Blackstone’s second quarter earnings triple(2)

The US merchant banking group has tripled profits reporting “strong results” in its private equity, real estate, financial advisory and fund management businesses, despite watching its unit price fall 20 percent since the IPO.

The Blackstone Group reported revenues three times higher for the quarter to the end of June of $975.3 million (€714 million) compared with the same period last year in its first results since listing on the New York Stock Exchange.

The price of its units, which have traded consistently at around 20 percent below its issue price of $31 per unit, jumped nearly 5 percent during Monday morning trading, and had settled to $26.16 per unit by late afternoon.

Blackstone, which last week closed the largest buyout fund ever, saw second quarter net income rise from $224.1 million in the quarter ending June 2006 to $774.4 million in the same three months in 2007.

“Every single one of our products is way outperforming the general markets, either debt or equity,” Hamilton James, the firm’s president and chief operating officer, said during an earnings call Monday. “I think, long-term, we’ll see a robust shift [in the US] from more traditional asset classes to alternatives.”

Corporate private equity revenues in the quarter increased to $426.1 million against $125.6 million in the same period the previous year. Real estate revenues grew from $92.0 million to $320.2 million in the prior year.

Revenues from its marketable alternative asset management jumped to $168.6 million from $32.5 million  Its financial advisory business generated the least dramatic growth with its revenues of $98.6 million, a small increase from $83.8 million in the same quarter in 2006.

Over six months to the end of June, revenues of $2.2 billion and net income of $1.9 billion compare with revenues of $880.1 million and net income of $711.2 million a year ago.

Throughout much of the second quarter, the operating environment was fundamentally positive, with global equity markets approaching near-record levels and the global economy, particularly in the US, remaining healthy.

Concerns over weakness in the US housing market and sub-prime mortgage market, coupled with a large volume of debt financing-backlog related to leveraged equity transactions, served to create more challenging financing conditions starting in the last week of the quarter, which continue to date, the company said.

Corporate private equity reported a strong second quarter with revenues up 239 percent from the second quarter of 2006, largely driven by a rise in performance fees and carried interest allocations and investment income as net appreciation from underlying funds increased $1.7 billion from the second quarter 2006. Management fees declined slightly over the same period.

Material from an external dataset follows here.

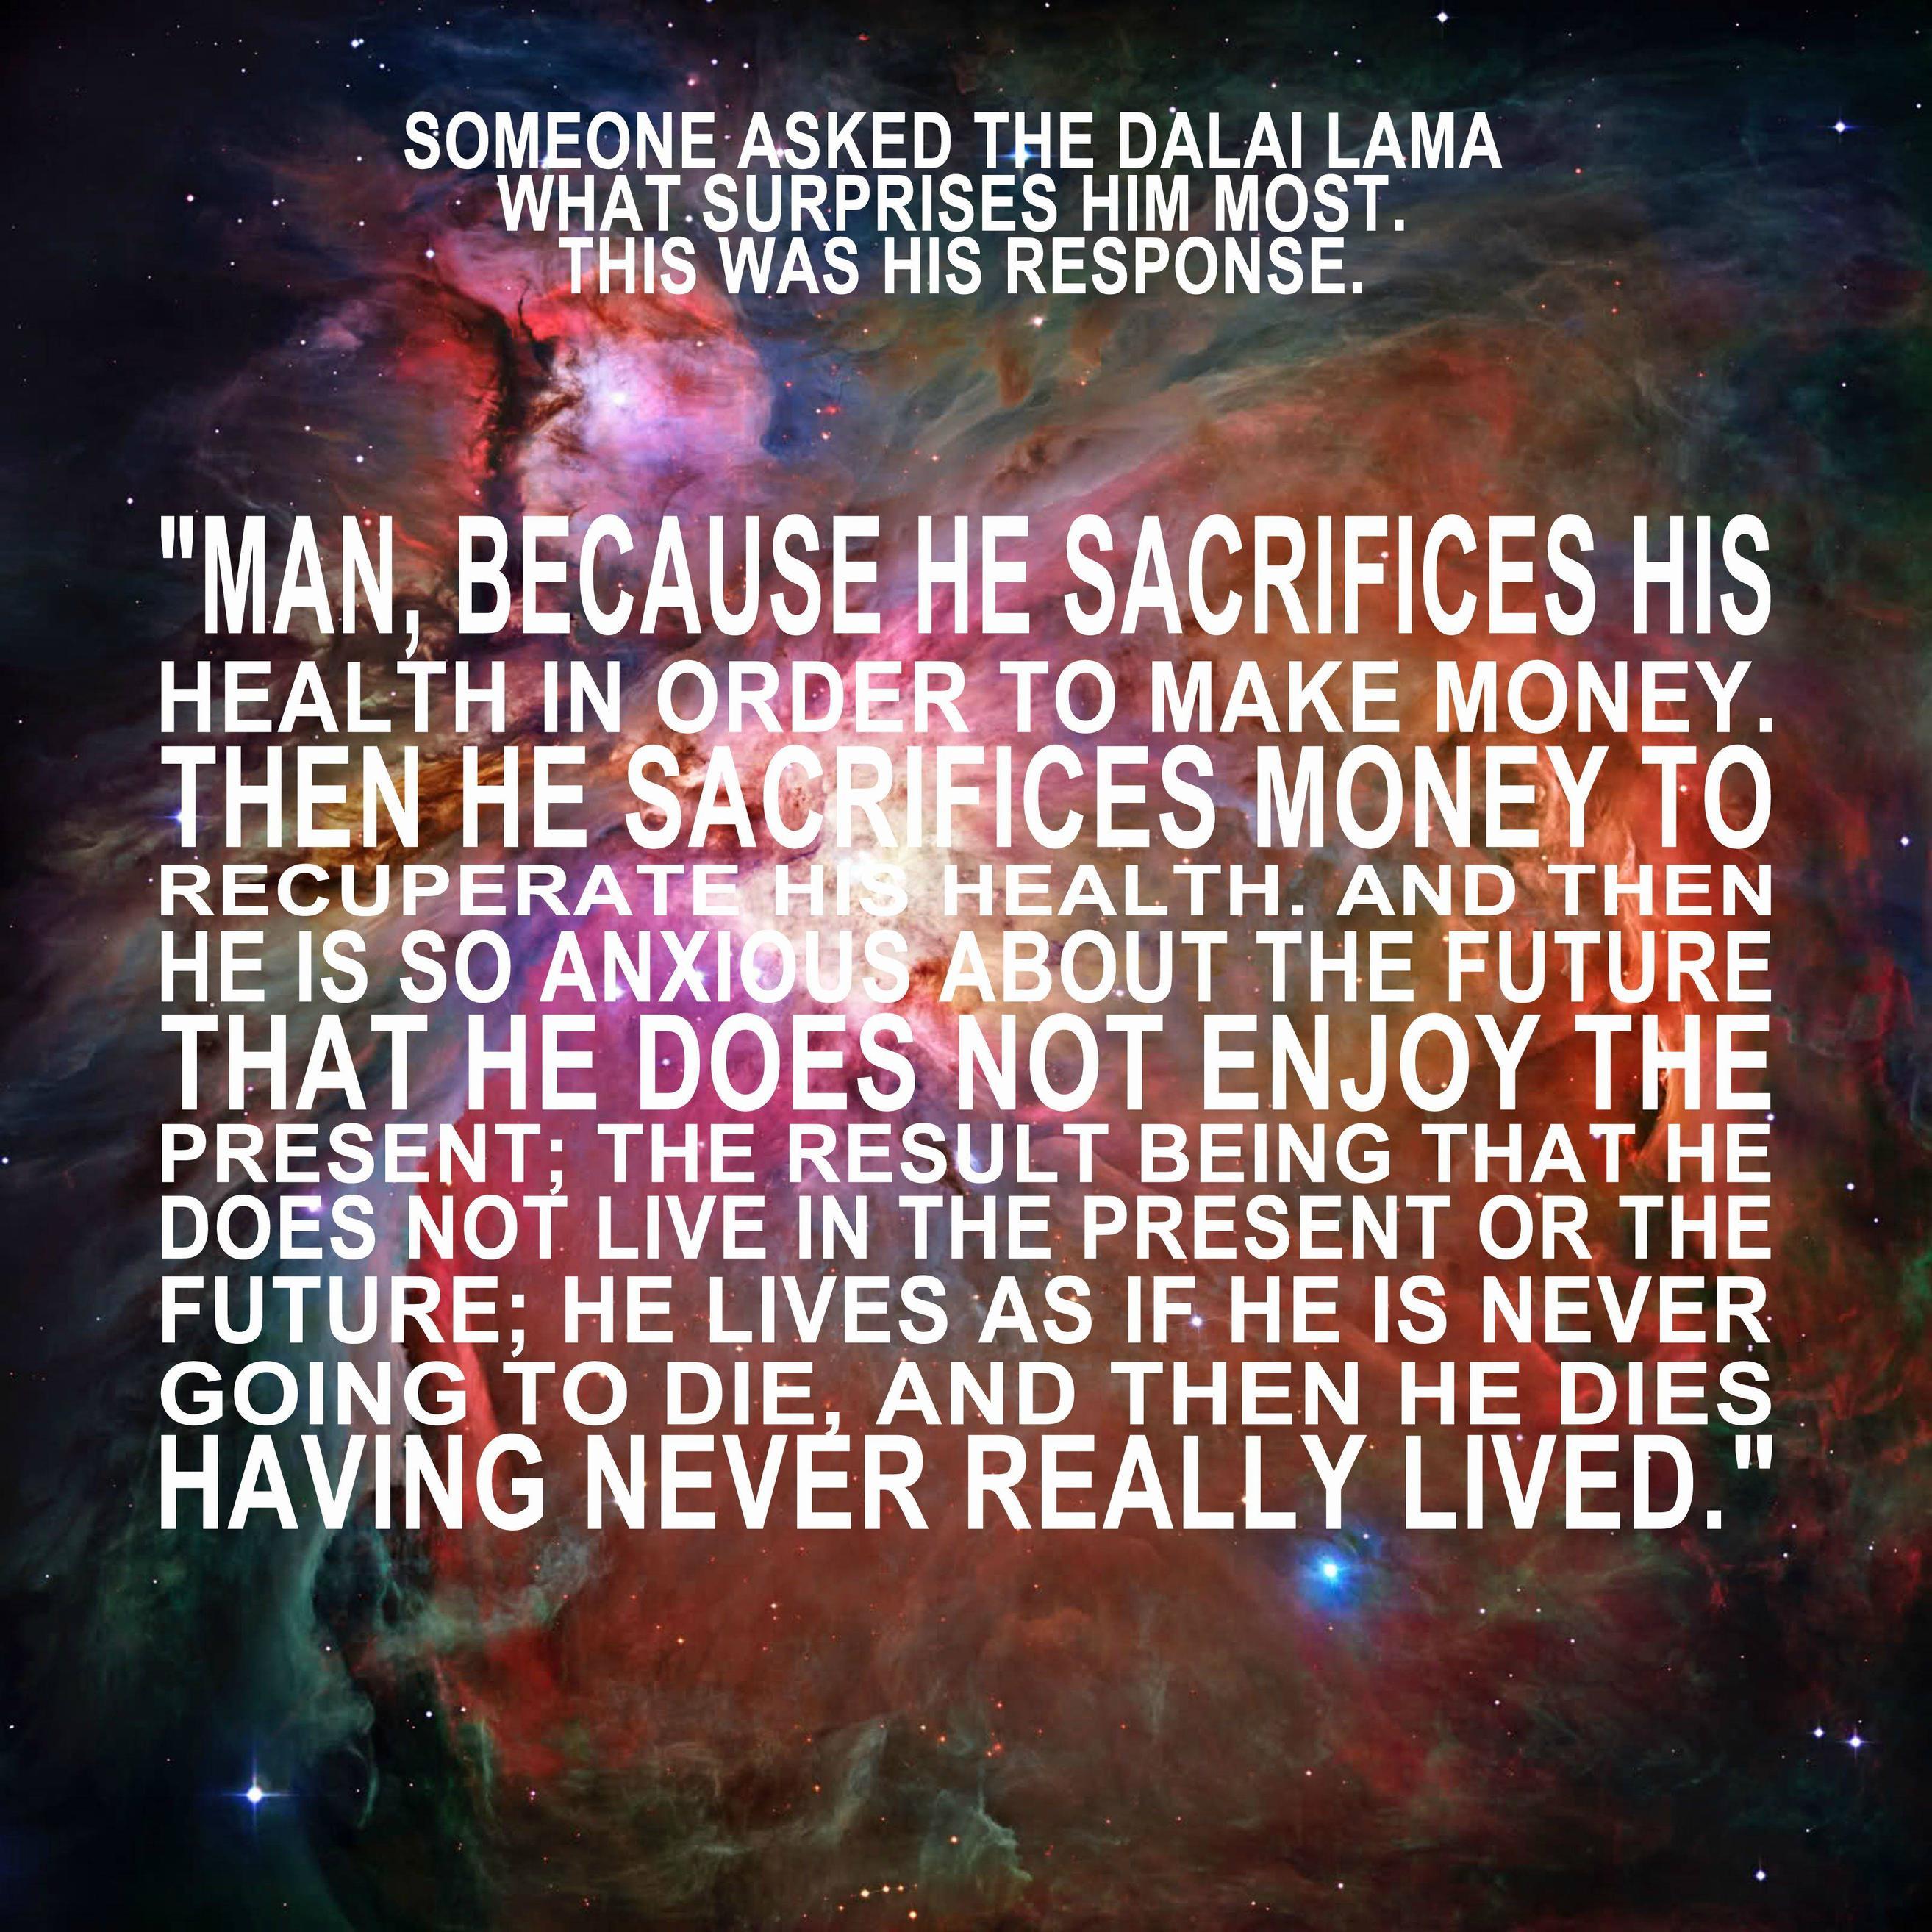 dalailamacitat

Weighted average fee-earning assets in the quarter totalled $23.5 billion compared with $20.5 billion a year ago. Limited partner capital deployed in the quarter totalled $1.6 billion compared with $2.4 billion a year ago.

At 3 July, 2007, $5.9 billion of investor capital had been committed by Blackstone’s corporate private equity funds to deals that are scheduled to close in subsequent periods.

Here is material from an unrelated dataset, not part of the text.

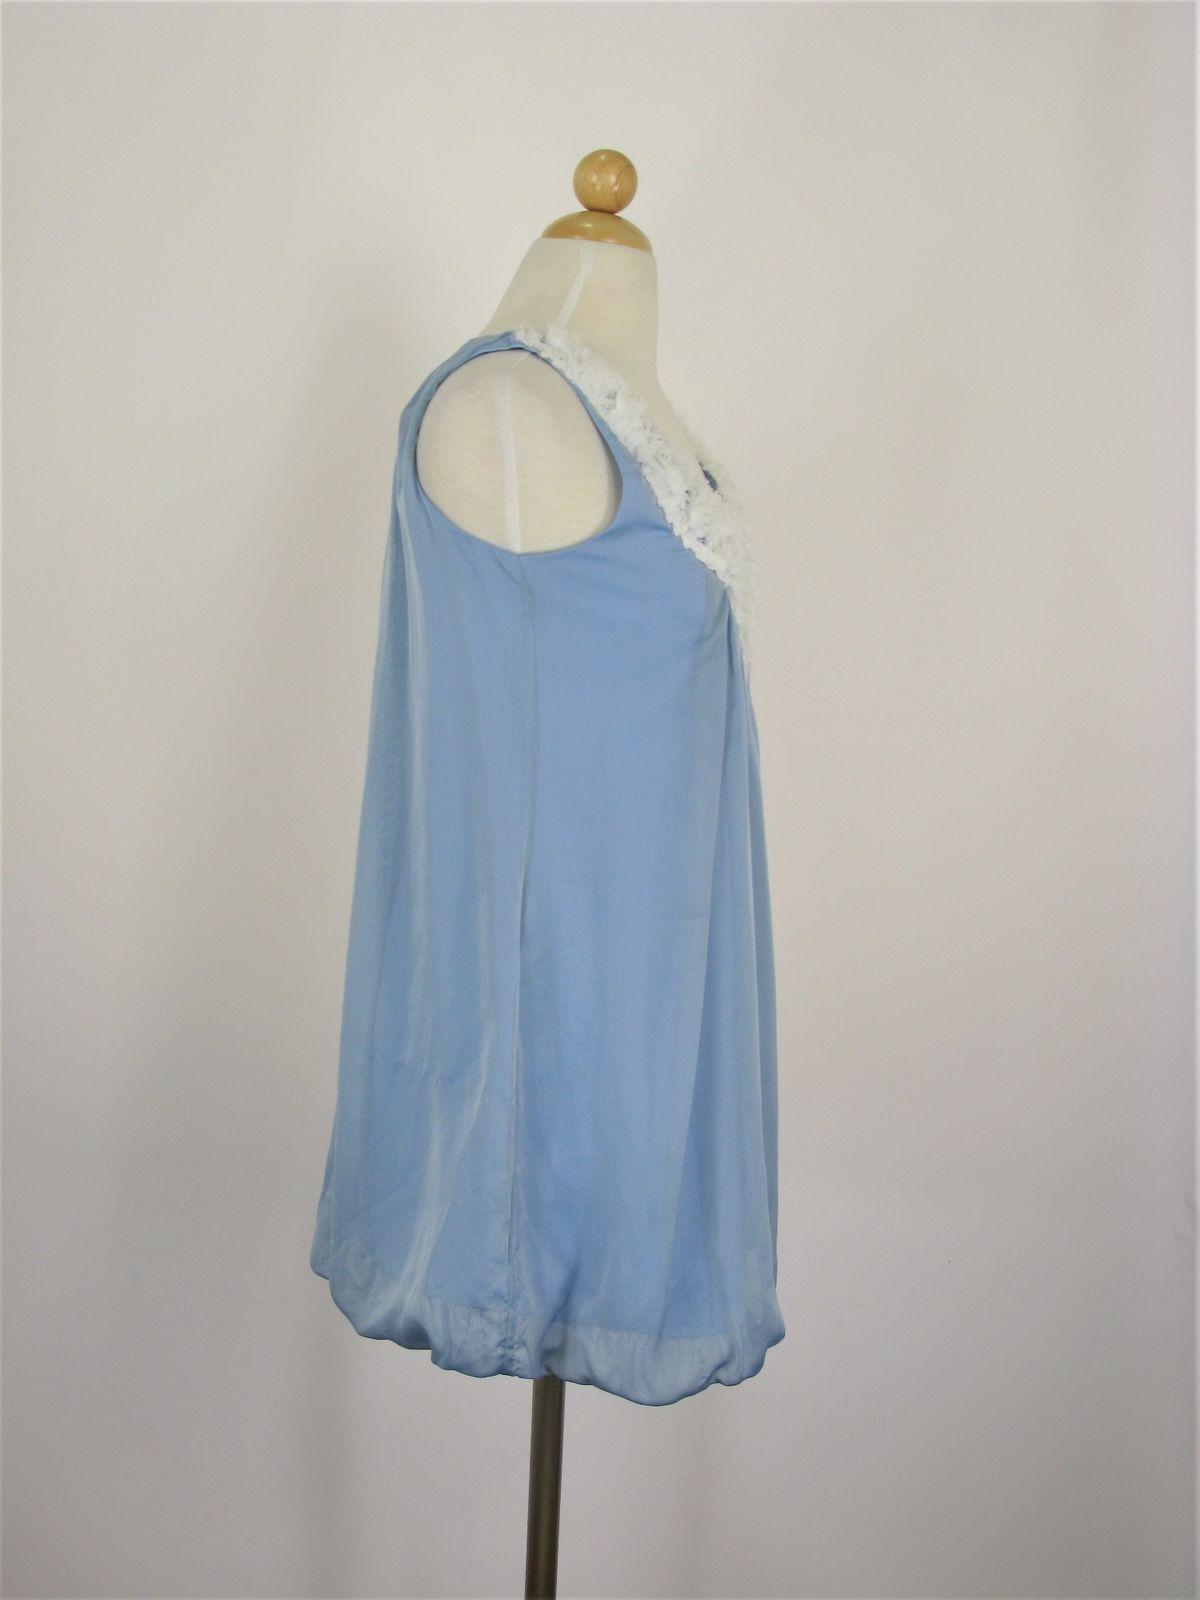 Party Dress Un Deux Trois Baby Blue Chiffon Bubble Party Dress 5 $180

In the same period the real estate segment generated revenues of $320.2 million, up 248 percent from the second quarter 2006. Management, performance fees and carried interest allocations and investment income were all up significantly, the company said.

Weighted average fee-earning assets under management in the quarter totalled $15.3 billion compared with $9 billion a year ago. Investor capital deployed in the quarter ended June 2007 totalled $71.1 million, down from $612.7 million last year.

Approximately $2.9 billion of LP capital has been committed by Blackstone’s real estate funds to deals not yet closed. This includes capital committed from both real estate and corporate private equity to the purchase of Hilton Hotels Corporation, which is fully financed and is expected to close in the fourth quarter.

Marketable alternative asset management, Blackstone’s hedge fund business, recorded second quarter revenues of $168.6 million, an increase of 419 percent from the same period last year, reflecting solid investment performance and a significant increase in assets managed, the company said.

Weighted average fee-earning assets under management in the quarter totaled $32.7 billion compared with $18.7 billion last year, as investor flows remained robust and investment performance was favourable.

Financial advisory revenues rose 18 percent to $98.6 million in this year’s second quarter, as compared to the same period last year, reflecting a favourable environment for mergers and acquisitions and Park Hill’s capital raising for alternative assets, which offset a generally soft environment for the restructuring and reorganization business.

On 27 June Blackstone completed its initial public offering of its common units and the sale of non-voting common units to an investment vehicle established by The People’s Republic of China.

In aggregate, The Blackstone Group sold approximately 255 million units for net proceeds of $7.5 billion.

The company said $2.9 billion was retained for primary purposes, of which $1.2 billion was used to repay indebtedness, with the balance invested as general partner investments in Blackstone sponsored funds and temporary interest bearing investments as appropriate.